The only wood in this model are two centering rings in the upper portion that are lite ply, and the balsa coupler I used for my BT-70 upper tube since it was handy at the hobby shop, the rest is depron sheet, cardboard motor tubes and some .04 styrene sheet.

For drawing centering rings I've been simply using a strip of cardboard, put a thumbtack in one end, and measure to the needed radius, poke a hole and insert my fine sharpe and draw it directly on whatever I need to cut, no need for a compass. This can be used for drawing cones or transition shrouds as well where you need a very long radius.

I cut a 7" by 2" triangle out of 6mm depron, grooved and glued in a 1/8" carbon rod which will take the brunt of the nose cone landing force....I then added perpendicular triangles, and took turns gluing in triangle filler pieces and carving those to match the original triangle pieces a quarter at a time...eventually I had nose cone shape. I left one quadrant unfinished so I could add weight if needed, then finish it. I added a few gradually increasing centering rings to get the needed outer diameter.
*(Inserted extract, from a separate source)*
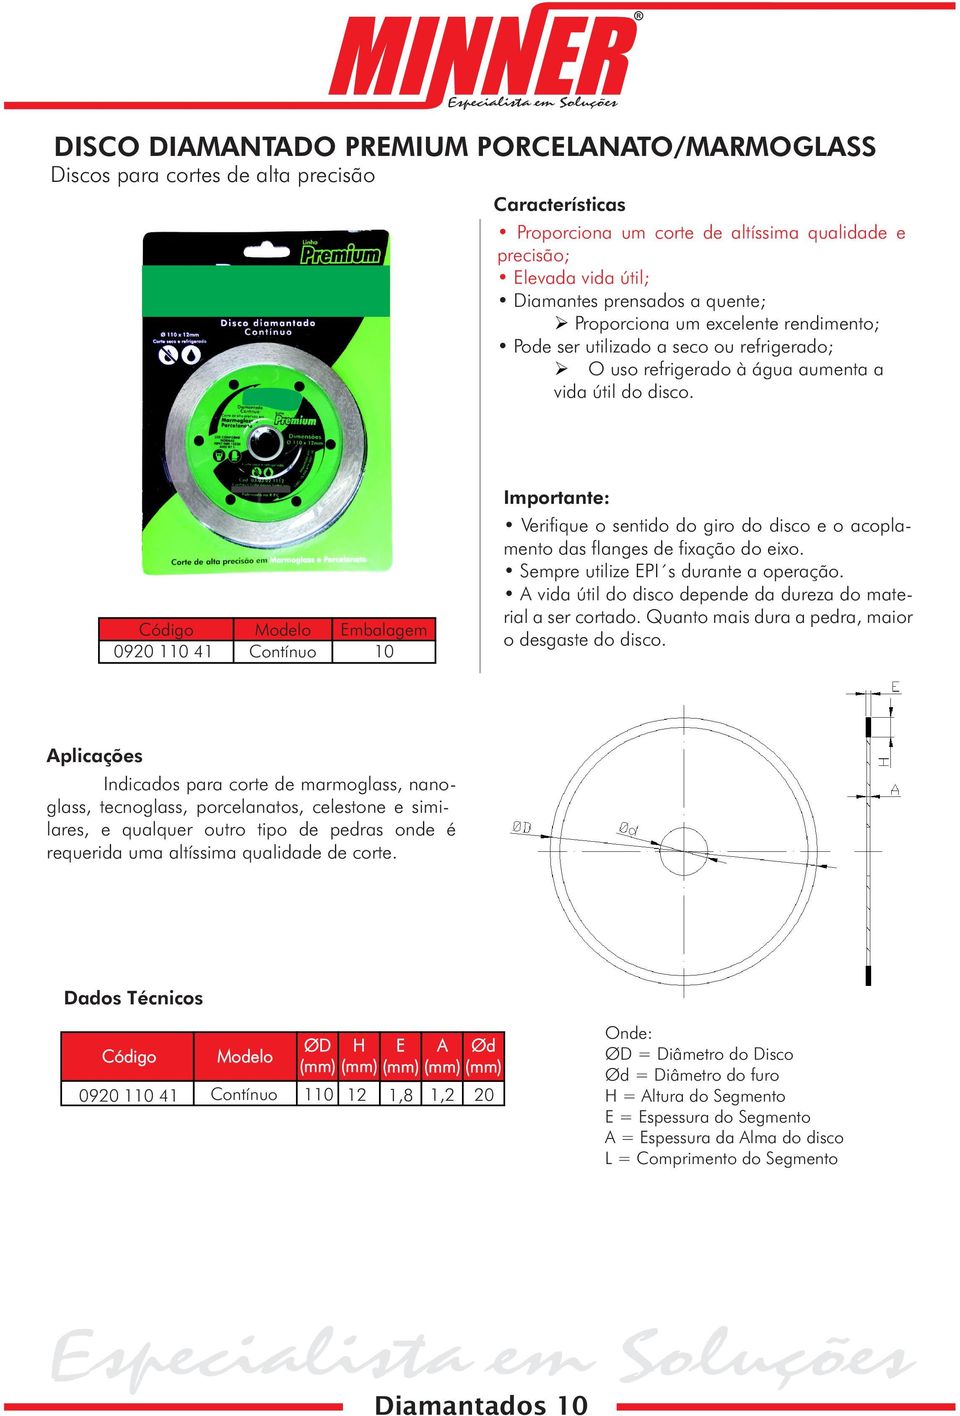 Modelo Embalagem 0920 110 41 Contínuo 10 Importante: Verifique o sentido do giro do disco e o acoplamento das flanges de fixação do eixo. Sempre utilize EPI s durante a operação.

I cut off a section of balsa bt-70 coupler and glued it to the carbon rod at the end to make the cone shoulder.

I decided on 5" diameter centering rings, so cut the rear .04 styrene plate which takes the thrust. I then used that as a template to cut the upper three centering rings.
I cut some interlocking stringers and notches in the centering rings, and added some fin boxes also in 6mm depron.

I joined all the 24mm tubes and added the upper bt70 cup which will hold the parachute. It doesn't need to be very long as at 16 ounces, I only need a 24-30" chute.

Once the upper cup and recovery attachment was epoxied in, I inserted all of the centering rings, tapering as needed for the upper section and the lower section. I added the interlocking stringers and make sure everything was straight. I glued it all together with foam safe CA, added stringers for the upper conical section to support the skin and did a bit of minor sanding to make sure there weren't any areas higher than the rest.

Now came the interesting part. I haven't used 1mm depron before, it's very thin and has a nice hard surface. It does have a grain and bends easier one way than the other. I did some testing and even though thin it still wanted to kink if you roll it too tightly. I made a cone template using this http://craig-russell.co.uk/demos/cone_calculator/ and cut it out. I used 3m-77 spray on both pieces to add the sheeting to the fuse and nose areas. Once done, I taped the seam, and applied a second sheet with the joint at 180 degrees to the first one. I knew from my dynasoar that the 2mm sheet was good for about 7-8" diameter but was too thick to curve more. I had a real pain trying to get the seams aligned at the top and bottom. Once you make contact, you can't pull the foam off without destroying it.

Unfortunately, much wailing and gnashing of teeth later, I decided the first go was not good and so fortunately it turns out, CA accellerator debonds the contact cement...so I spent an hour peeling off the sheeting and doing a touch up sanding. So much for a quick build.....I started over and did a much better job the second time. It worked pretty well and the 1mm sheet has a nice surface on both sides, but even though I had six stringers on the cone, it still flattened out somewhat between the stringers, so it's a bit hexagon shaped. The fuse was much better. The laminated 1mm sheets are pretty strong and tough. I might need to experiment with heating or adding more stringers/centering rings to get a smoother outer surface.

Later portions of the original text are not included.